▼▼▼

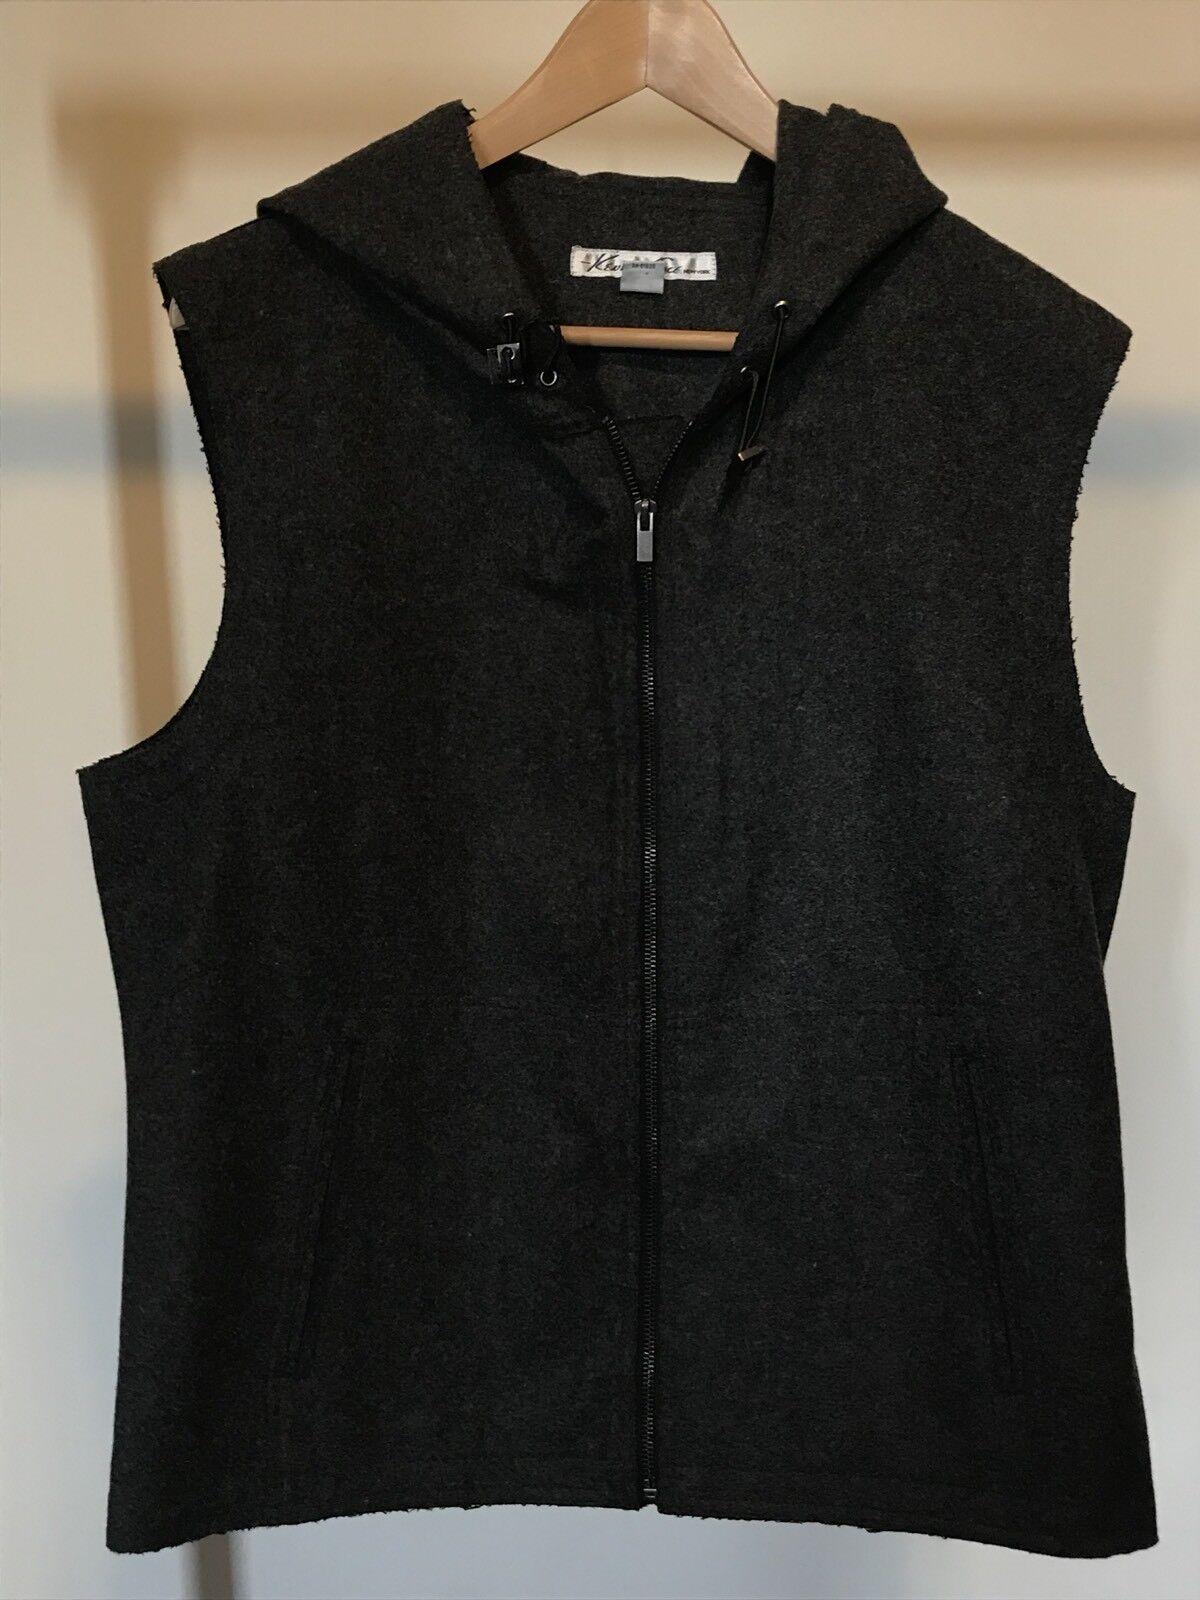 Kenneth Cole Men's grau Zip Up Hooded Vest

▲▲▲
▼▼▼

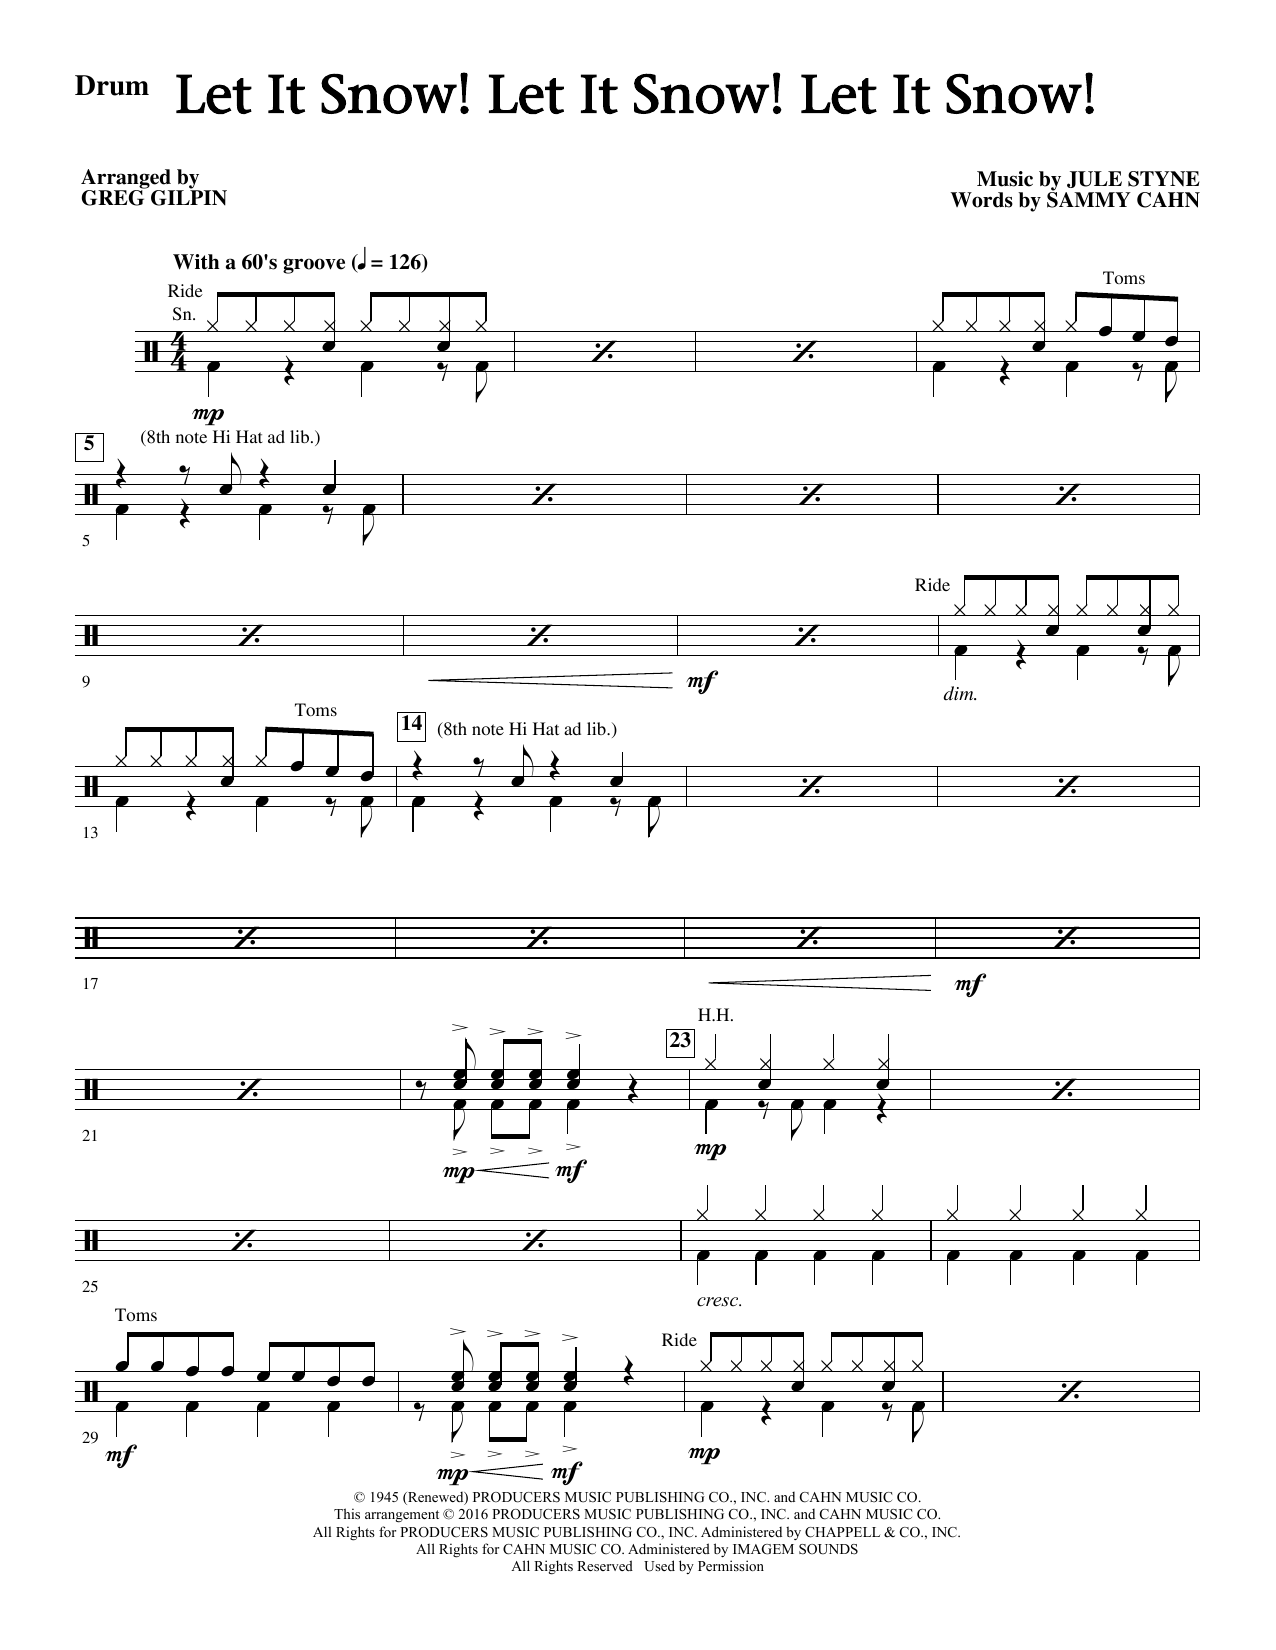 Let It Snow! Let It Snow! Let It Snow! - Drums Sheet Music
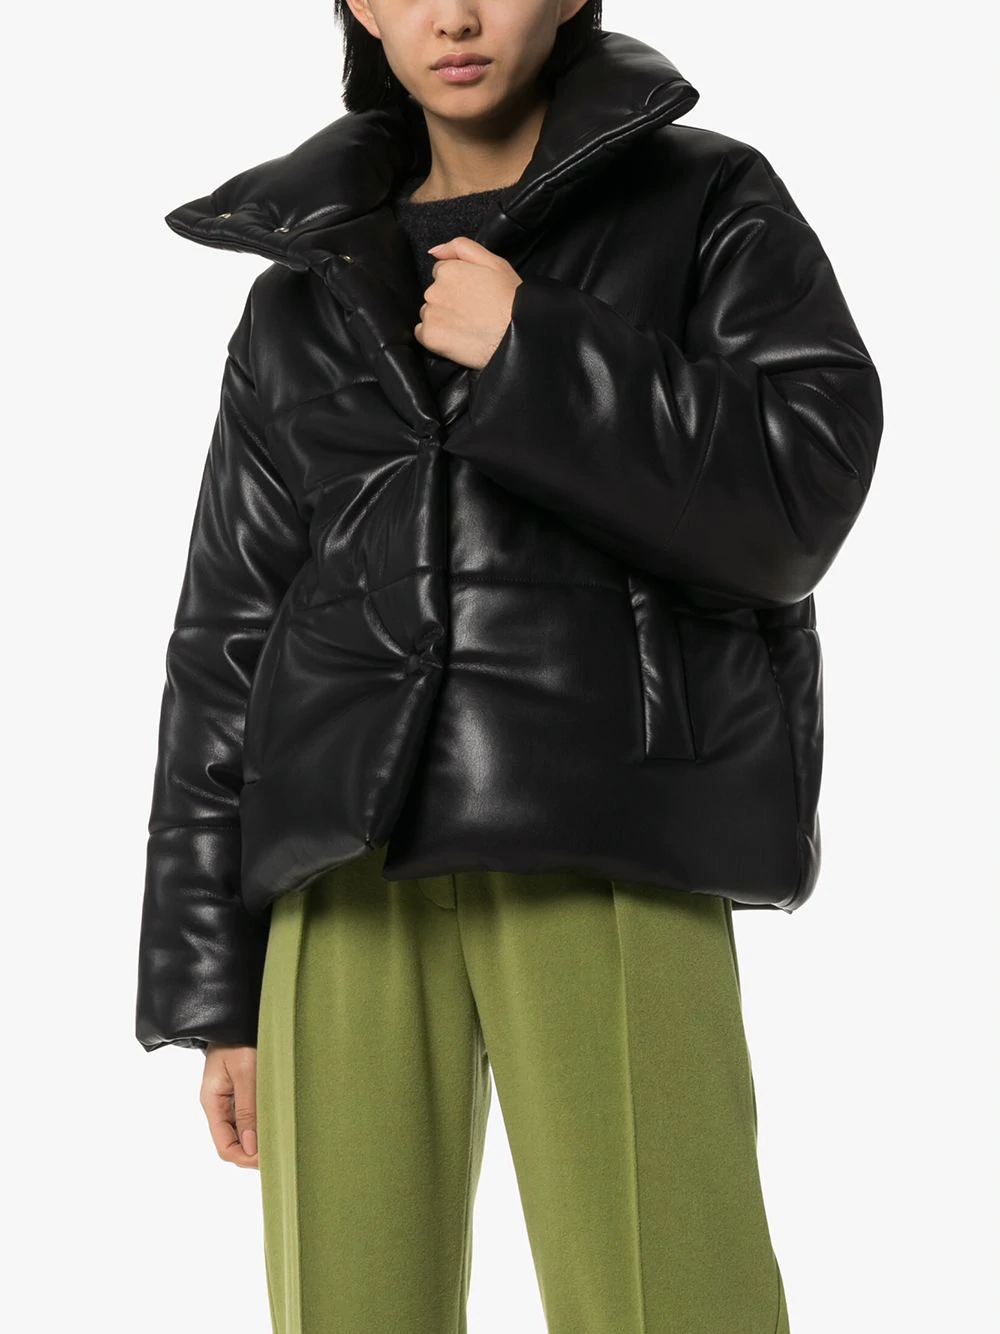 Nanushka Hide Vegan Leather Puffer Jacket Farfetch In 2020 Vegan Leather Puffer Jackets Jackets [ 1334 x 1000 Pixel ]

▲▲▲

TASK INSTRUCTIONS
Quote the lines above exactly, starting with the one that has "Let It Snow! Let" and ending with the one that has "Nanushka Hide Vegan"; drop the pictures and include nothing else.

OUTPUT OF THE EXERCISE
 Let It Snow! Let It Snow! Let It Snow! - Drums Sheet Music
 Nanushka Hide Vegan Leather Puffer Jacket Farfetch In 2020 Vegan Leather Puffer Jackets Jackets [ 1334 x 1000 Pixel ]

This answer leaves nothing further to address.